Single-Item Measure Helps Providers Screen for Cannabis Use Disorder
What’s the Question?
Nearly 50 million people in the U.S. use cannabis and use is increasing. Frequent cannabis use intensifies the risk for developing cannabis use disorder (CUD), a behavioral health condition in which someone continues to use cannabis despite significant impairment and distress. CUD can impact as many as 5-14% of young adults and 8-23% of people with mental health or other substance use disorders but is underrecognized in medical settings and largely goes untreated.
A brief, valid cannabis screen could help increase identification of CUD, but for it to be useful, it has to be easy and fast for medical providers to use. Would a single-item measure provide enough information to screen for cannabis use disorder?
This study aimed to find out, testing the use of the Single-Item Screen-Cannabis (SIS-C) when documented in the electronic health record (EHR) as part of routine care.
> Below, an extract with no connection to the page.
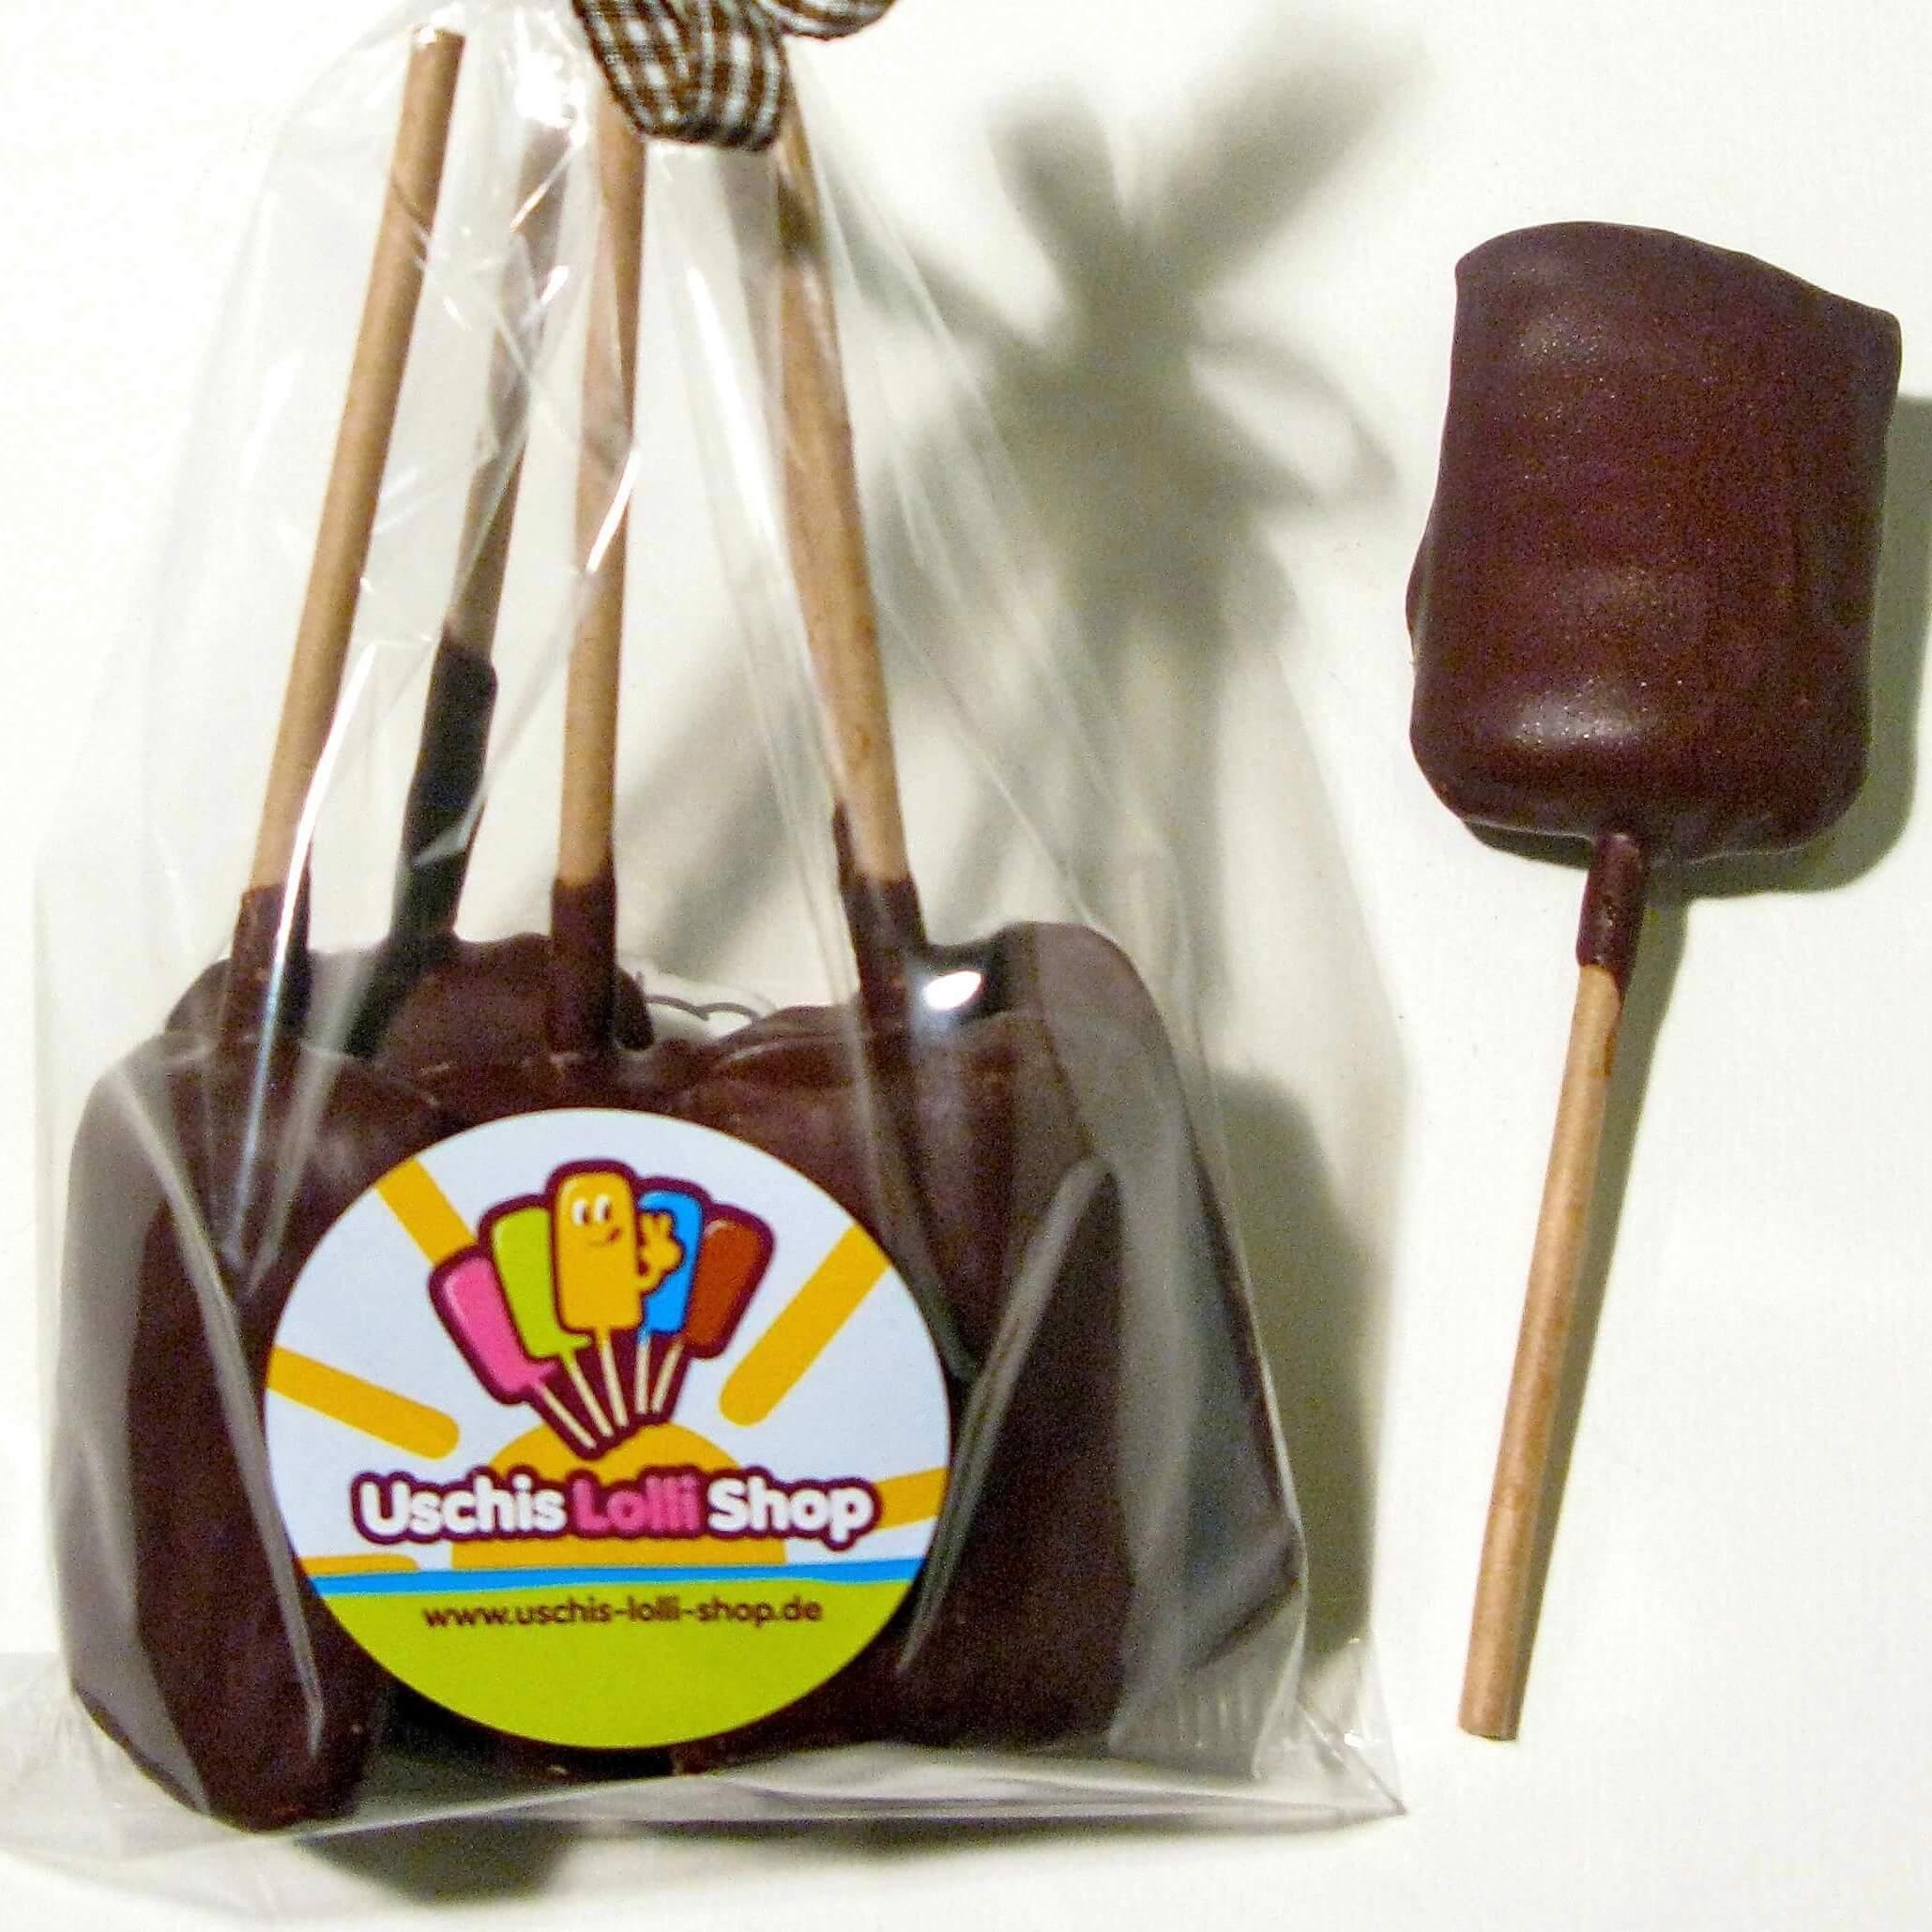 Lollis Salmiak Zartbitter Schokolade Uschis-Lolli-Shop

The SIS-C asks “How often in the past year did you use marijuana?” with response options never, less than monthly, monthly, weekly, daily or almost daily.
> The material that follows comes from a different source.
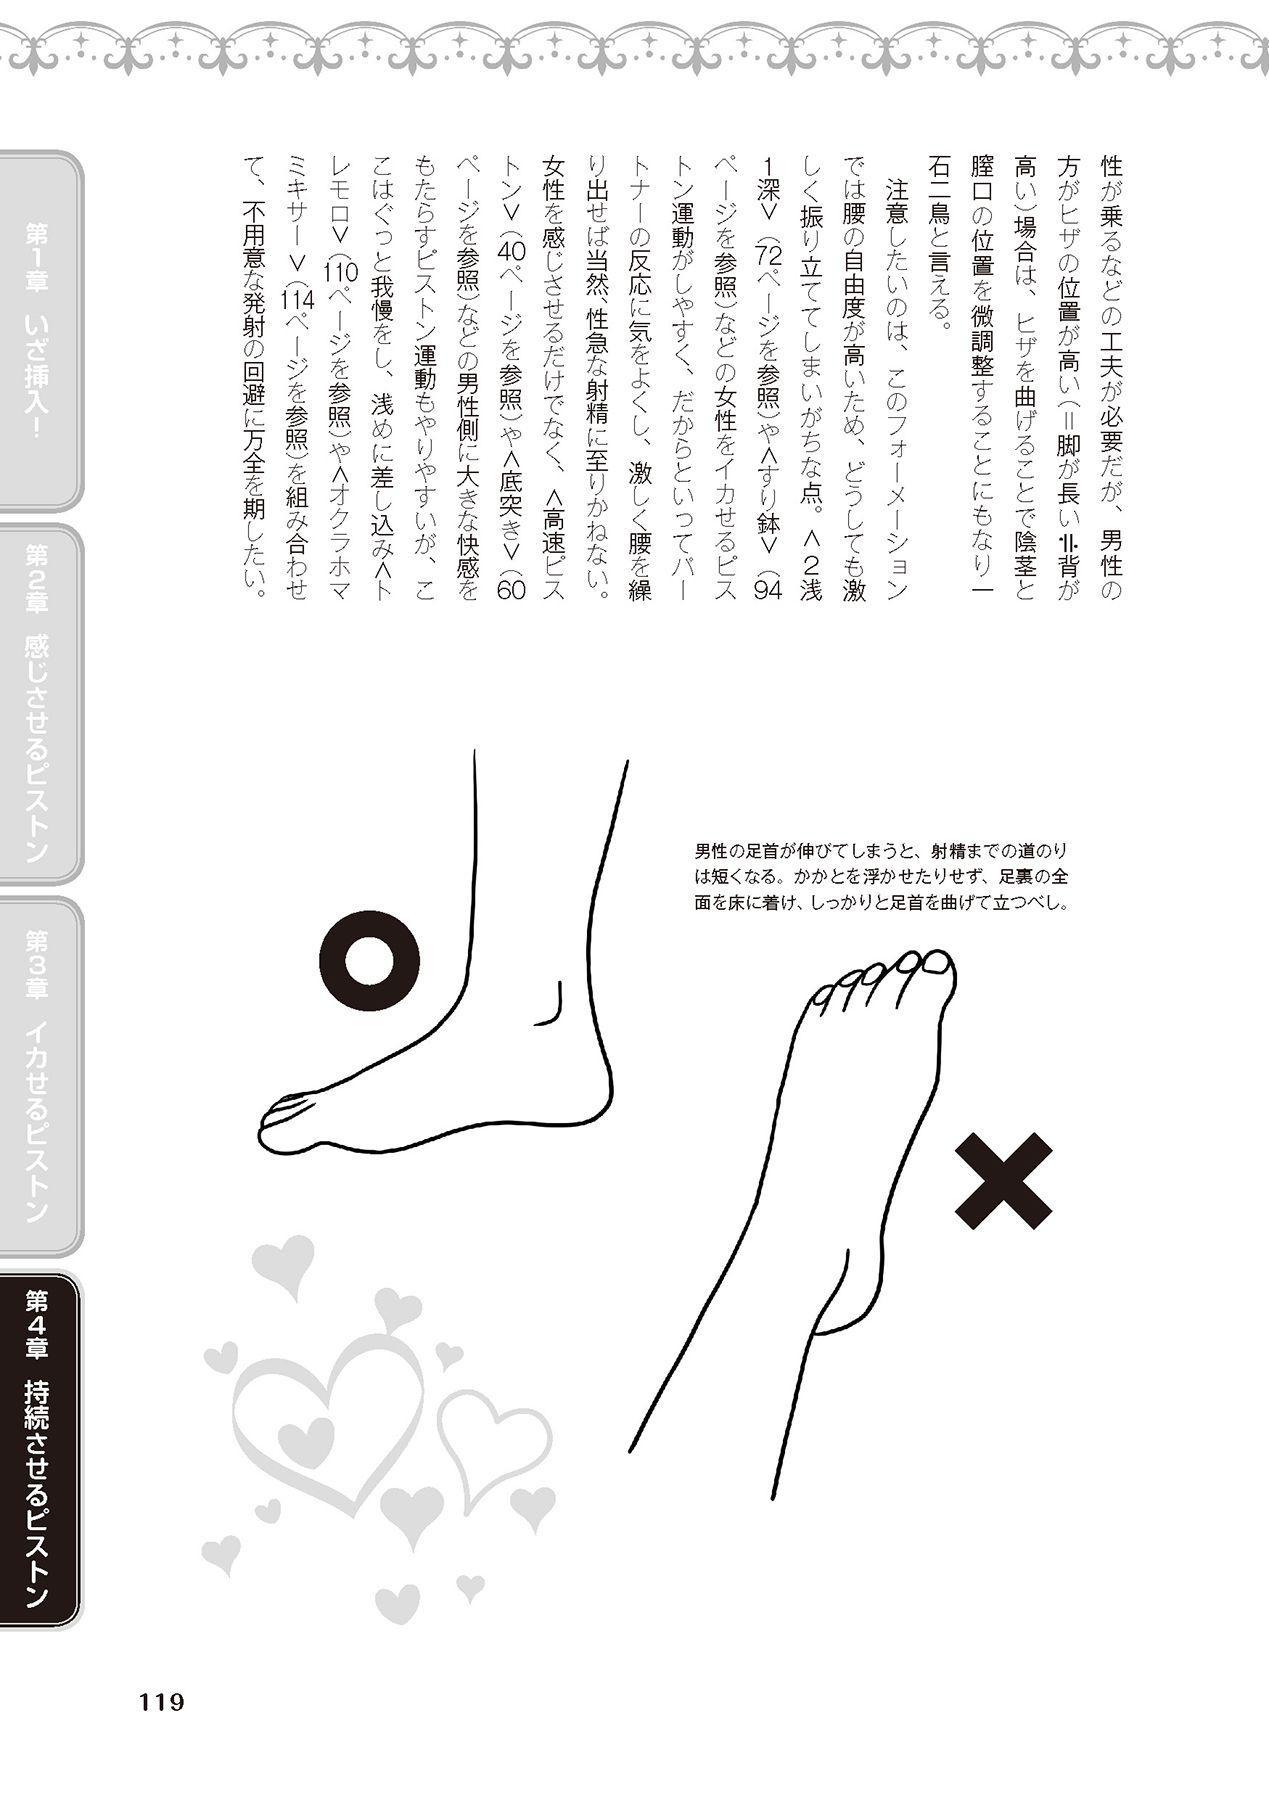 膣挿入&ピストン運動完全マニュアル イラスト版……ピスとんッ! 120

How Was This Study Conducted?
Adult patients aged 18 or older at Kaiser Permanente in Washington State who completed the SIS-C in primary care settings in 2019 were asked if they wanted to participate in a confidential cannabis survey.
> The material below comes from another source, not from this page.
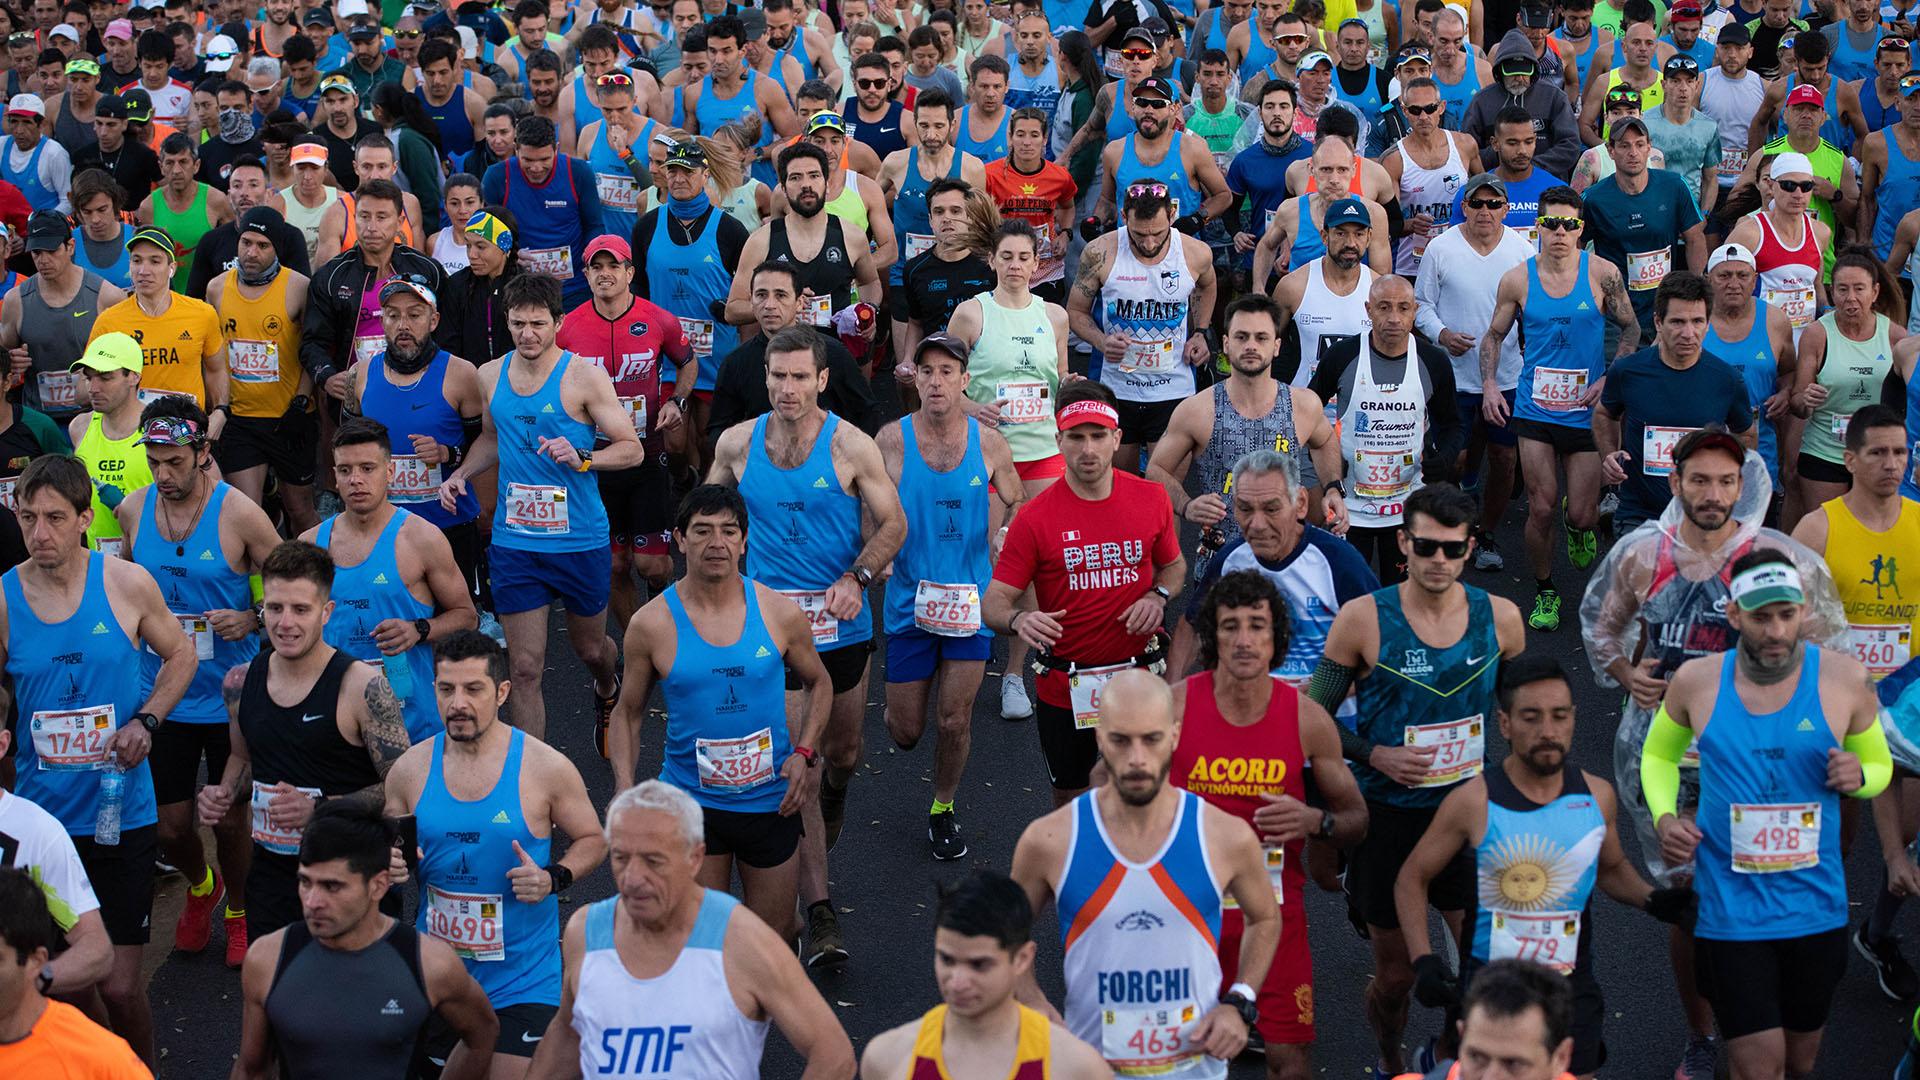 Se superó la cantidad de participantes respecto a la edición 2018 aunque no se llegaron a alcanzar los récords históricos

In total, 1688 primary care patients completed the survey, which consisted of the more substantial CUD measure the Composite International Diagnostic Interview Substance Abuse Module (CIDI-SAM). By comparing scores on the CIDI-SAM with patient responses to the SIS-C in their previous appointments, researchers could figure out whether the SIS-C worked well at screening patients for CUD.
What Did Researchers Find Out?
Among the participants, 6.6% met criteria for past-year CUD based on the CIDI-SAM – this is slightly higher than national samples.
Researchers found that report of any past year cannabis use on the SIS-C was predictive of any level of CUD on the CIDI-SAM, suggesting that providers whose patients report any cannabis use should follow-up with additional assessment. Reports of monthly or more frequent use of cannabis on the SIS-C were predictive of “moderate to severe” CUD, suggesting that providers whose patients report these levels of use may want to engage in more intensive intervention.
However, while the SIS-C was found to be easy to use and effective, it also had a high rate of false positives -- in the study population, predictive values of a positive screen ranged from 17% to 34%, while predictive values of a negative screen ranged from 97% to 100%. That means that the SIS-C is better at identifying patients without CUD, and patients who screen positive on the SIS-C need to receive additional assessment to truly determine whether or not they have cannabis use disorder.
What are the Implications for the Workforce?
Cannabis use is prevalent and increasing, and frequent use increases the risk of CUD. The use of a validated single-item cannabis screen like the SIS-C could help providers more readily determine which patients need additional assessment and/or care for problematic use.